The present invention relates to a roll for a paper, board or a finishing machine. More particularly, the invention relates to a composite roll supported at the middle thereof. Most preferably, the composite roll of the invention is used as a spreader roll or a calender fly roll in a paper or board machine. The invention also relates to a new type of supporting the roll and a drive of the roll in a hypercritical speed range.
Rolls as mentioned above, which are supported at the middle thereof are primarily used as lead rolls, spreader rolls and fly rolls in the paper industry. They feature deflection properties which are different from those of conventional rolls supported at the ends thereof. Hence, for example length differences between the edge and the middle section of the fabric can be compensated with them, and it can be assured that the fabric or the web will not be wrinkled, by bending the roll into a bow form, away from the direction of approach, spreader roll.

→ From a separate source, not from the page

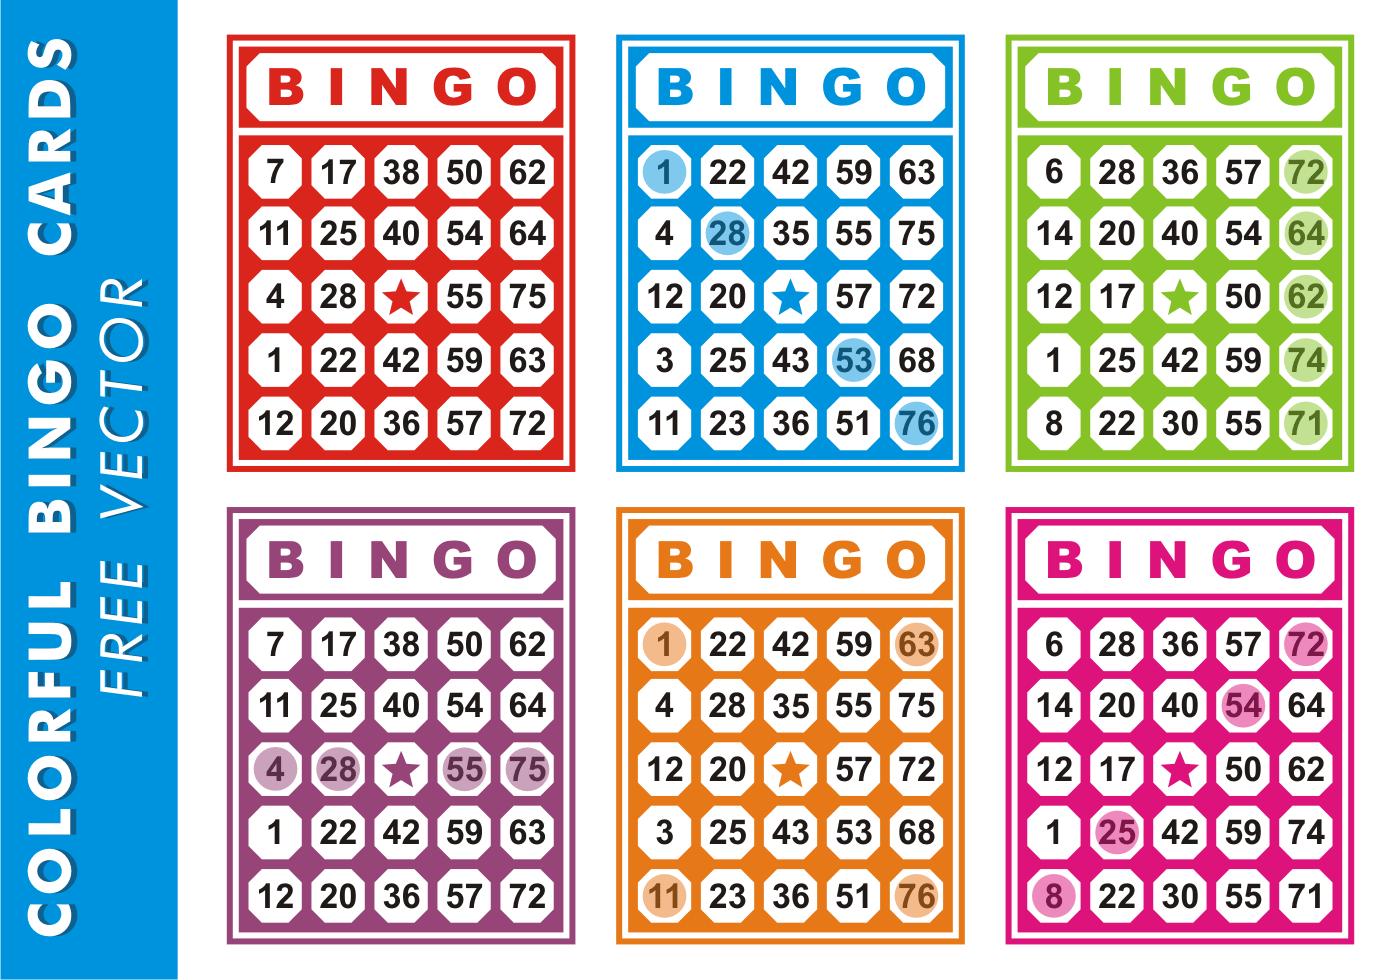 Juegos de casino como jugar loteria Guatemala-438696

A type of spreader roll is disclosed in FI patent publication 72766 in which the roll is formed by two concentric cylindrical shells being spaced from each other when in a state of rest; sometimes they are also called inner and outer shells, which are interconnected at the middle of the roll in the length direction thereof. The inner shell is provided with shaft journals which are rotatably mounted on bearings. When a roll of the above-described type is rotated in a paper machine or equivalent, either the machine fabric or the web, or both of them together, make a deflection of some degree to the inner shell of the roll. The deflection is, however, not transferred to the outer shell, which is attached to the inner shell only around the middle of the roll, as explained above, but it tends to maintain its straight cylindrical shape. Depending merely on the stiffness of the outer shell, it can either stay straight in operation or bend in the opposite direction in view of the inner shell. In both cases, the risk of the fabric or the web becoming wrinkled has been avoided.

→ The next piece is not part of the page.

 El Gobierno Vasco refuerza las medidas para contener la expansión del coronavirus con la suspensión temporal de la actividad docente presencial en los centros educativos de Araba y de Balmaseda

It is also noteworthy, with regard to said FI patent publication 72766, that it relates to a composite spreader roll, which is made of, e.g. carbon fiber reinforced epoxy resin.
Calender fly rolls are discussed, e.g., in U.S. Pat. Nos. 4,692,971 and 5,438,920; and patent applications WO-A1-9909329 and WO-A1-9742375. Their structure greatly resembles that of the above-described spreader roll, at least in so far as their structure relates to the present invention.

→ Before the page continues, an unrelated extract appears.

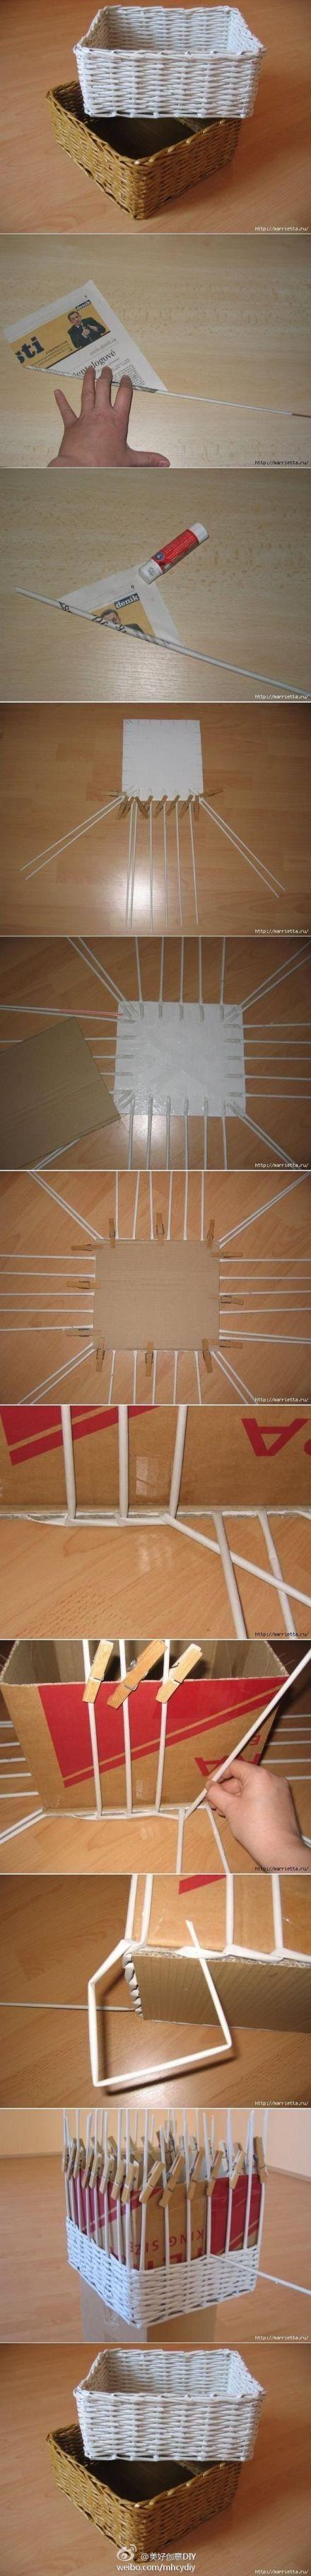 #变废为宝#利用纸箱和报纸编一个箱子,怎么样?——更多有趣内容,请关注@美好创意DIY (http://t.cn/zOR4l2D)

Further, an arrangement suitable for operating as both a spreader roll and a fly roll is discussed in the Metso Paper, Inc.'s FI patent application 20031384, which describes a roll, the inner shell whereof is conventionally mounted on bearings at the frame structure of the machine. The actual invention of the application is the supporting of the outer shell at the ends thereof through an adjustable bearing arrangement on the frame structure of the machine in such a manner that both the direction and the amount of the deflection of the outer shell are controllable.
The rolls supported at the middle thereof as described hereinabove feature relatively flexible outer shells and relatively stiff inner shells. This property has been brought about through inter-dimensioning of the inner and outer shells and/or through selections of the materials.
A problem often faced, however, when using these rolls, especially calender fly rolls, but also at some points where spreader rolls are used, is the critical nominal frequency of the roll. When the outer shell of a composite roll is supported by the inner shell, only, and in most cases at the middle of the roll, only, a first critical nominal frequency of the roll remains relatively low, provided that the roll diameter is maintained equal to that of the existing fly rolls or spreader rolls. In practice, this means that in order to enable use of the roll at a certain rotating speed, it should be ascertained that the rotating speed is not within the critical nominal frequency of the roll. In most cases, the rotating speed of the roll is maintained lower than the critical nominal frequency. In practice, at certain points of use where it seems that the rotating speed of the roll will coincide its critical nominal frequency, the only way to avoid it is to increase the roll diameter. However, this is not normally possible because there is no room for rolls with dimensions of that order, for example, in supercalenders.
In other words, a dimensional limitation is the most prominent problem because, for example, the calender elevator and the roll clearance have to meet certain safety regulations. A larger diameter of the roll naturally also changes the nip outlet and inlet angles.
Another problem, which is noteworthy, is that tension measuring cannot be effected at least with certain prior art spreader rolls because with these rolls, bowing of the roll directs a moment to the attachment of the roll ends, which moment significantly hampers tension measuring. Rolls of this type are formed of one cylinder, which is in most cases manufactured of composite material and which is supported at both ends thereof, at two points axially spaced from each other, on the frame structure of the paper or board machine. One of the points can be regarded as a stationary point of support, whereas through the other point the roll is subjected to a radial force, which is either pushing or pulling and causes the roll to bow. Said force is thereby also directed to the devices by which the roll is fastened to/supported by said frame structure. Besides the tension also the force/moment bowing the roll is naturally sensed by the sensor used for tension measuring, and the data from the sensor is no more valid. In other words, when this kind of a roll is used, tension has to be measured at a separate roll.
Thus, an object of the present invention is to eliminate at least part of the problems of the prior art described above.